#### Assignment:
Look below for the line that contains "Booked - Bookish", then copy it and each following line exactly, through and including the line that contains "how-to-get-a-free-ssl-for-hostgator-featured-min".

#### Available records:
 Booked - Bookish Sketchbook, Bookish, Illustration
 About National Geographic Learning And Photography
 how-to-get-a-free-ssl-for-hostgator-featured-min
--
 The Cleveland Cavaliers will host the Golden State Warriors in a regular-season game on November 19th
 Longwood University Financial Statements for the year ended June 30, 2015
* * *
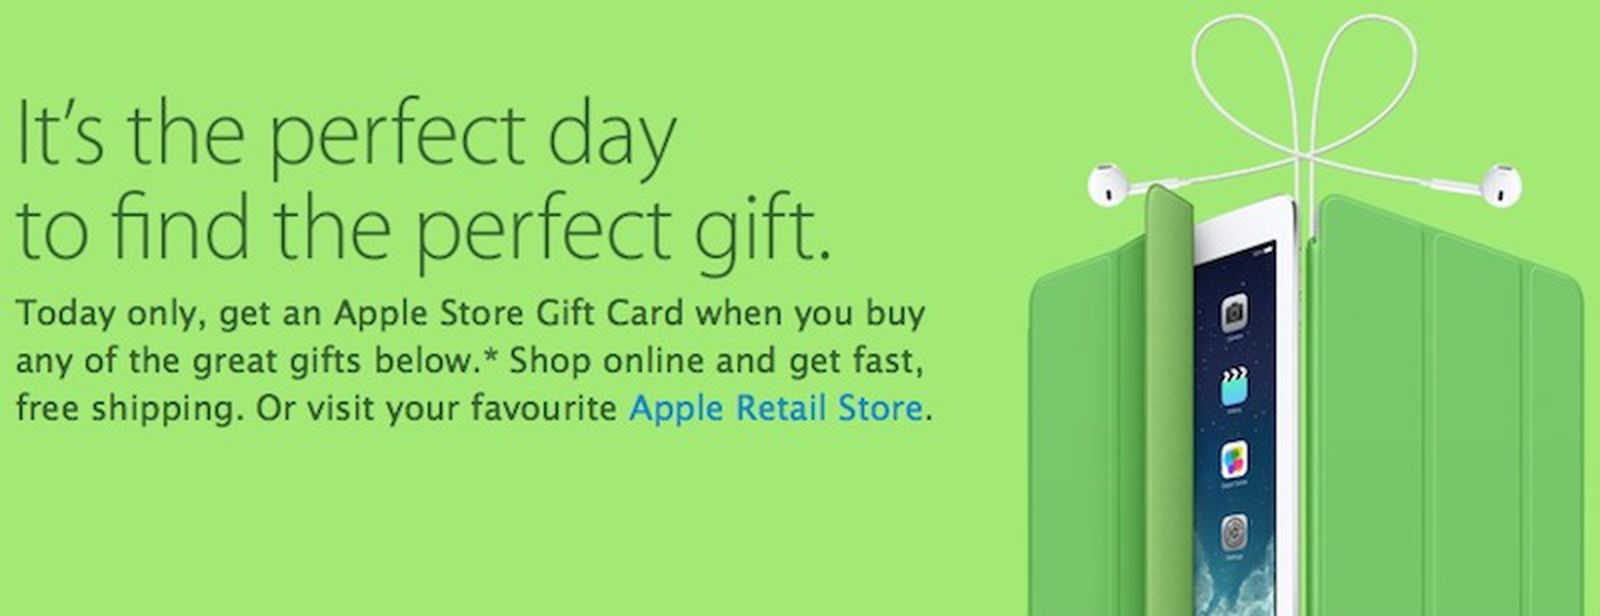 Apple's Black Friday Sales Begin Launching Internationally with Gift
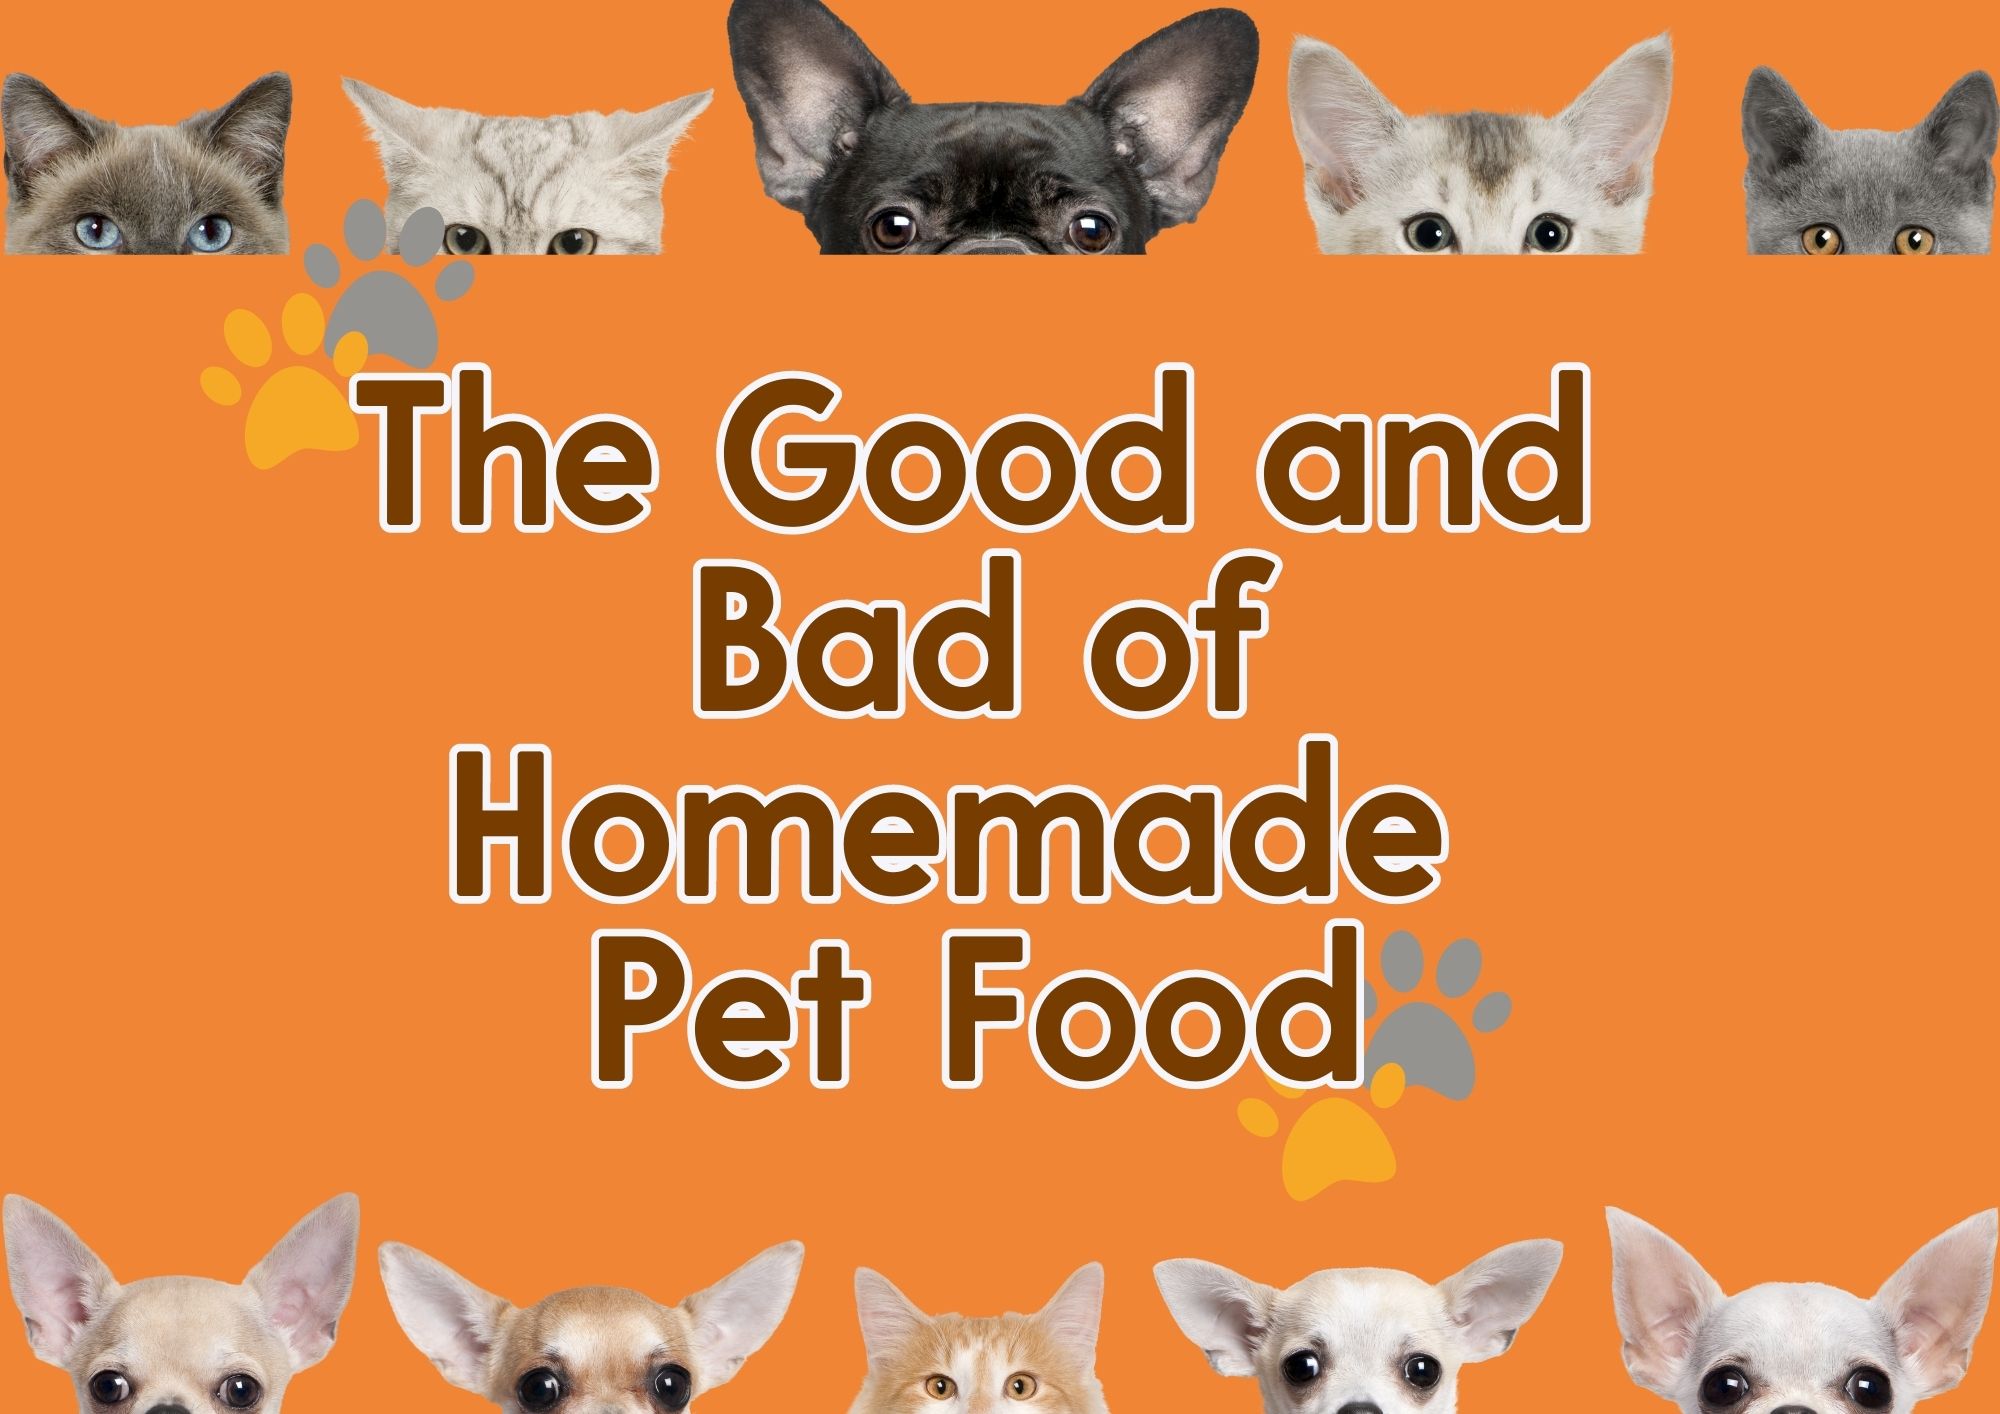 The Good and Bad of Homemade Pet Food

#### Result for this exercise:
 Booked - Bookish Sketchbook, Bookish, Illustration
 About National Geographic Learning And Photography
 how-to-get-a-free-ssl-for-hostgator-featured-min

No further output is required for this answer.